TASK PROMPT :: Please repeat only the stretch of records running from the first line through the line that contains "对于欢迎和欢送会♪广岛食材精".

INPUT DATA ::
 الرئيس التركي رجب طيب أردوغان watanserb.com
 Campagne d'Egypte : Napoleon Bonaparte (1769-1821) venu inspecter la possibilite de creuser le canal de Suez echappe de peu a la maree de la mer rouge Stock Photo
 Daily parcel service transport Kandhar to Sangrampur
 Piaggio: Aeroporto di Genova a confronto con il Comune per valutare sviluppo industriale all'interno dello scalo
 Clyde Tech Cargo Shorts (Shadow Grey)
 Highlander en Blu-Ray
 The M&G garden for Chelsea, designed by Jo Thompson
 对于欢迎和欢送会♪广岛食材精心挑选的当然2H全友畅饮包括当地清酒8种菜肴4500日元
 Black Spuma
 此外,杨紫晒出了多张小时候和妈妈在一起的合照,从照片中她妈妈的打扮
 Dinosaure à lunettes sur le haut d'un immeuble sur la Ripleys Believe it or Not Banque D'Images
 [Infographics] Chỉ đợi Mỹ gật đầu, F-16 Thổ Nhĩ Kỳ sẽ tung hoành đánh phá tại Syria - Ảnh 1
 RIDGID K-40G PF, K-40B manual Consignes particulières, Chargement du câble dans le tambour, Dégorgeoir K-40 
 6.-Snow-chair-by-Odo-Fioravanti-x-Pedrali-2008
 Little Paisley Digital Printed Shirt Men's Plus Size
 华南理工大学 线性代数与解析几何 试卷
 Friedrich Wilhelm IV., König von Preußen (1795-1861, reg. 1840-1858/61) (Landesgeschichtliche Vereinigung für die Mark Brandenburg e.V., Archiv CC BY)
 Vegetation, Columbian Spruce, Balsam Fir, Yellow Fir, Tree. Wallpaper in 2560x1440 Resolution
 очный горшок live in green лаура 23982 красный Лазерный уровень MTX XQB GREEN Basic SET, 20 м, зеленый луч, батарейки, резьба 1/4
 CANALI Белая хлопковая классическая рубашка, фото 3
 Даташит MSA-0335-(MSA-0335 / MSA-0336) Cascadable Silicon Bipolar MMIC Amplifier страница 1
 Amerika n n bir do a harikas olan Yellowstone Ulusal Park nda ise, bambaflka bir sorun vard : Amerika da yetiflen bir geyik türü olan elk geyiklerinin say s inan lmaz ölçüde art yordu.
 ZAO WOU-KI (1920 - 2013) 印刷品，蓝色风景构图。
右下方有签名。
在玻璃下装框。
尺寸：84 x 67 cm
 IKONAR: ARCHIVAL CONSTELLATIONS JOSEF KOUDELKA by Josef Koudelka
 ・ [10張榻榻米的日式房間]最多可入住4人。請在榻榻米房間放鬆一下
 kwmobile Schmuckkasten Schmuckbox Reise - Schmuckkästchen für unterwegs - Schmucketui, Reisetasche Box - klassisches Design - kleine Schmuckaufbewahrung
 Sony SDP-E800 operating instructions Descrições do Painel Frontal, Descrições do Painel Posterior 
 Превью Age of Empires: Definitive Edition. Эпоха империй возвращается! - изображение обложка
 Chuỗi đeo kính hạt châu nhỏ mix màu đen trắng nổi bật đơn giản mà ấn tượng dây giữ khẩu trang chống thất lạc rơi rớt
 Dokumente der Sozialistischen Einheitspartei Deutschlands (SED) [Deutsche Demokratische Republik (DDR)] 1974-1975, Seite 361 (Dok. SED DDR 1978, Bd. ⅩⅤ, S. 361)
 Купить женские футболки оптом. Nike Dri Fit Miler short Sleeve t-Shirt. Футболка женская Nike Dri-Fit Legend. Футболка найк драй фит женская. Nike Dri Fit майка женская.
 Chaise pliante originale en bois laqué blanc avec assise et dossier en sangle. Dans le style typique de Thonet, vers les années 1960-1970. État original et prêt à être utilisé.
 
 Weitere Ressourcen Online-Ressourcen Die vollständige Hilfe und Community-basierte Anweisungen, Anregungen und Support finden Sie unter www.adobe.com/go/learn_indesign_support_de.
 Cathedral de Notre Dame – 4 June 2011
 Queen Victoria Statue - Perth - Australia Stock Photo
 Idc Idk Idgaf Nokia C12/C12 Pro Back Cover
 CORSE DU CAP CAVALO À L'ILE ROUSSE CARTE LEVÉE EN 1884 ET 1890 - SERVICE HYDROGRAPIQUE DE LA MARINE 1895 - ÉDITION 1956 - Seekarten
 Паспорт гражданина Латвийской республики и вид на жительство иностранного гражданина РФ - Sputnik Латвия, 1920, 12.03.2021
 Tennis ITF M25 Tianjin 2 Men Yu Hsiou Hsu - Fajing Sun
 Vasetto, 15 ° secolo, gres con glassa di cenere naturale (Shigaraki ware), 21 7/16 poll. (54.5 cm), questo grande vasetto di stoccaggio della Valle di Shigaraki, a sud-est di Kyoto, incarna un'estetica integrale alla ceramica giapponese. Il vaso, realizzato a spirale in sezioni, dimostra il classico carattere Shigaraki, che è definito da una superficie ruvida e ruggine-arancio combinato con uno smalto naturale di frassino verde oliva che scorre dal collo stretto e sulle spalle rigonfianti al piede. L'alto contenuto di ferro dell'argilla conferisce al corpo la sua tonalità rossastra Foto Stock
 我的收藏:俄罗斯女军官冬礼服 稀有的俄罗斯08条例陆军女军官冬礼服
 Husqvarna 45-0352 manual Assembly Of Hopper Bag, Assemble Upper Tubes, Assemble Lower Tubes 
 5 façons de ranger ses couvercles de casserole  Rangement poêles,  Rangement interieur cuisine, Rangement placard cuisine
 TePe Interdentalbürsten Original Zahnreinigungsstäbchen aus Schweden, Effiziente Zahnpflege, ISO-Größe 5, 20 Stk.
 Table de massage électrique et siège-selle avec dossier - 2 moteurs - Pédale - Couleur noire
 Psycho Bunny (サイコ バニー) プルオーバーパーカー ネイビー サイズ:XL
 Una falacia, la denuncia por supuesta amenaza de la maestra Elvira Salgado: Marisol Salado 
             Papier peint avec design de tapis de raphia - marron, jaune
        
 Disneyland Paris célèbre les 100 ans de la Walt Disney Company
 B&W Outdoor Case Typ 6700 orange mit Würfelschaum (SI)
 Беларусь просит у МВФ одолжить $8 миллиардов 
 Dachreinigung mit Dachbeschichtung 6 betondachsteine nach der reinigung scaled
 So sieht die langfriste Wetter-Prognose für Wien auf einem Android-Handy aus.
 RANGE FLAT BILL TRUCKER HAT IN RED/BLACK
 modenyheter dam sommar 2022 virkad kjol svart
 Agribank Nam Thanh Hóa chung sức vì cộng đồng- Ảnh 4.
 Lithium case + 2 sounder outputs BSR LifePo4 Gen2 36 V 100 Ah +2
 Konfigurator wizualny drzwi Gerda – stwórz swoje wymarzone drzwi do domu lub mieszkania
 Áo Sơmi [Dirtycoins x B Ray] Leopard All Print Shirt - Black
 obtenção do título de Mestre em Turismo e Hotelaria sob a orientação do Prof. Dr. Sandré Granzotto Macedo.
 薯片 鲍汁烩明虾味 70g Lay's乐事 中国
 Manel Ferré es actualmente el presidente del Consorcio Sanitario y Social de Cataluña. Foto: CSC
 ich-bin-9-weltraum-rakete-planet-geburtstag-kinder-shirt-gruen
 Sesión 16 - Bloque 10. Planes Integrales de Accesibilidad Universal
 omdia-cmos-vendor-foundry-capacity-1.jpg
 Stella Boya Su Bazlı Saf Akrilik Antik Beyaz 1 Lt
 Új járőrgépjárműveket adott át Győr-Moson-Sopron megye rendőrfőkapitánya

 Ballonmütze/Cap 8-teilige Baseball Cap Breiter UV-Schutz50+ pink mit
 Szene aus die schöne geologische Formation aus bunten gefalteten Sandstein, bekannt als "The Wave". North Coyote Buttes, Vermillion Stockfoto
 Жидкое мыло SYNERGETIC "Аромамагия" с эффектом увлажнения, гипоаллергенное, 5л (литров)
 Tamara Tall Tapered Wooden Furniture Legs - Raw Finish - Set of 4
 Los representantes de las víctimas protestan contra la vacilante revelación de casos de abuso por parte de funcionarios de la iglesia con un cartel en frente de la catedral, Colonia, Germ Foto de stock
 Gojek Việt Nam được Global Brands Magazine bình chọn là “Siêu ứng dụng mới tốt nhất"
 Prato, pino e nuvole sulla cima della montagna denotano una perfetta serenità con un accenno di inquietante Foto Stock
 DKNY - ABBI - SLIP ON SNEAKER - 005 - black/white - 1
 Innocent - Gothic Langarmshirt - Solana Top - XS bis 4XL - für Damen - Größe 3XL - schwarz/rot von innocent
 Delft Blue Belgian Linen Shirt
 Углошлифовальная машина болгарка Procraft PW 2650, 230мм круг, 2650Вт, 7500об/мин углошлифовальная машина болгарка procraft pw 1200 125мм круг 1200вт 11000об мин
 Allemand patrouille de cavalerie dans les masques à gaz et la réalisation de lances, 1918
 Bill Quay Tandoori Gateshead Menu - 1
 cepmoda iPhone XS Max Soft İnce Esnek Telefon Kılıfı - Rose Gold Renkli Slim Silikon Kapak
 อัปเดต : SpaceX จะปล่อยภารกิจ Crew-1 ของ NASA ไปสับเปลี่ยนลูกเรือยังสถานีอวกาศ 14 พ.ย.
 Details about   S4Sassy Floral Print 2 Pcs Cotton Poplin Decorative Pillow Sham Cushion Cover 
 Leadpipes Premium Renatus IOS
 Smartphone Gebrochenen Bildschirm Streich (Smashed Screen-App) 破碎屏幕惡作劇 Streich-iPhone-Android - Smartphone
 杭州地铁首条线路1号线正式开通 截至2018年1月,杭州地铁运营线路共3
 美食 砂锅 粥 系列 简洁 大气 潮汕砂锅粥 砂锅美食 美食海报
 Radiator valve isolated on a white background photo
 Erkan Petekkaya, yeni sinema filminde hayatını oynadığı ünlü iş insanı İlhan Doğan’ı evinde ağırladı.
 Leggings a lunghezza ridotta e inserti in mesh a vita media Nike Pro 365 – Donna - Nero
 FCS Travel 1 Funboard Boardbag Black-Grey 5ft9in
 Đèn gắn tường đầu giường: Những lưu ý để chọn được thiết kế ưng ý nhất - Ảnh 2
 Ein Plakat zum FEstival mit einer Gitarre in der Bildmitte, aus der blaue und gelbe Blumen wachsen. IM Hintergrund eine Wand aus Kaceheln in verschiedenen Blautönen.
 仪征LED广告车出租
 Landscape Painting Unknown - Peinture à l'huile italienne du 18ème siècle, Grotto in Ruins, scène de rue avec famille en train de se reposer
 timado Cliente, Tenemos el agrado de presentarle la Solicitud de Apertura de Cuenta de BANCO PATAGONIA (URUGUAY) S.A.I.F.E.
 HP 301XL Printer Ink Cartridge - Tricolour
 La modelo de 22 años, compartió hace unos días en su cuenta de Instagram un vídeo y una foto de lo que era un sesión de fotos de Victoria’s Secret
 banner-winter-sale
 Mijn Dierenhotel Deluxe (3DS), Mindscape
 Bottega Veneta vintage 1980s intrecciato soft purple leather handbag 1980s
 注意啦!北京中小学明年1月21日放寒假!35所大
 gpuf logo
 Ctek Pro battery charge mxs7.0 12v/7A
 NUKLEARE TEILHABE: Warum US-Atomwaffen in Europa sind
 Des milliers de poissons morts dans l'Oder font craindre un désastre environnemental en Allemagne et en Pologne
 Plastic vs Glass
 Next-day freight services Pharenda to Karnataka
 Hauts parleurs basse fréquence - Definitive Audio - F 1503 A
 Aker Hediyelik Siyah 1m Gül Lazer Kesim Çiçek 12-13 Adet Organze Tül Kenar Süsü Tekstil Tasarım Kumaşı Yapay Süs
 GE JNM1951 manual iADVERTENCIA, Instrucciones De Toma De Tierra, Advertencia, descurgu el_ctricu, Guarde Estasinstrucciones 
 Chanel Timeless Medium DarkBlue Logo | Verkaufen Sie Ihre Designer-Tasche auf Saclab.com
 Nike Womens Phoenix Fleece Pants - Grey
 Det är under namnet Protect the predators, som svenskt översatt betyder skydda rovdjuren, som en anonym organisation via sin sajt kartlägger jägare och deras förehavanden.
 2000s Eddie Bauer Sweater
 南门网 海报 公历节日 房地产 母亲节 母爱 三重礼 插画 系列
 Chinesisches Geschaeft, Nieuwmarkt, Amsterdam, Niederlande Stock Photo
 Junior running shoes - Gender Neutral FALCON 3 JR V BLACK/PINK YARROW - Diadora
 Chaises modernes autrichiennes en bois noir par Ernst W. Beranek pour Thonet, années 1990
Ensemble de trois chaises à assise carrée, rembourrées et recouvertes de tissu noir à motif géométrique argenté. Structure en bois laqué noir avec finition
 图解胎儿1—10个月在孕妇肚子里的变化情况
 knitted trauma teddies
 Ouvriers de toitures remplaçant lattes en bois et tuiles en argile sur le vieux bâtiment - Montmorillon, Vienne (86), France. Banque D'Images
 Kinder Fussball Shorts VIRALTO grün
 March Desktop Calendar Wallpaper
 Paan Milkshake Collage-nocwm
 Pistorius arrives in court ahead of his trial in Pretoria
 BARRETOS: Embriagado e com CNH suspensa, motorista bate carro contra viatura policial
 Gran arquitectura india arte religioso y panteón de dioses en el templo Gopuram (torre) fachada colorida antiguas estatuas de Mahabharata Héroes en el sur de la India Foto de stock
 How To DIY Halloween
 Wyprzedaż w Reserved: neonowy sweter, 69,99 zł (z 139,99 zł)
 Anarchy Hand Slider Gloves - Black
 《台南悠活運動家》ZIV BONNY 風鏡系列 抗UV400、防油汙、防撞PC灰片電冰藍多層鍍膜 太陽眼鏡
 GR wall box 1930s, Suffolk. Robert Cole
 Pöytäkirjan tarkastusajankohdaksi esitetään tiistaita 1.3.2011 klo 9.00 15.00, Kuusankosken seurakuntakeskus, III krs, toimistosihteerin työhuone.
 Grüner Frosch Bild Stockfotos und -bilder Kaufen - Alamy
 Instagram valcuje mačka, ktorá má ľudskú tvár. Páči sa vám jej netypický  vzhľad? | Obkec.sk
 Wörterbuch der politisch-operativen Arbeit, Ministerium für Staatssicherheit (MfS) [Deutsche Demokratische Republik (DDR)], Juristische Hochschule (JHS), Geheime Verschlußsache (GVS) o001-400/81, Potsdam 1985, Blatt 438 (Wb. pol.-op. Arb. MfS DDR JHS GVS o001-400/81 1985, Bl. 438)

REPLY TO THE EXERCISE ::
 الرئيس التركي رجب طيب أردوغان watanserb.com
 Campagne d'Egypte : Napoleon Bonaparte (1769-1821) venu inspecter la possibilite de creuser le canal de Suez echappe de peu a la maree de la mer rouge Stock Photo
 Daily parcel service transport Kandhar to Sangrampur
 Piaggio: Aeroporto di Genova a confronto con il Comune per valutare sviluppo industriale all'interno dello scalo
 Clyde Tech Cargo Shorts (Shadow Grey)
 Highlander en Blu-Ray
 The M&G garden for Chelsea, designed by Jo Thompson
 对于欢迎和欢送会♪广岛食材精心挑选的当然2H全友畅饮包括当地清酒8种菜肴4500日元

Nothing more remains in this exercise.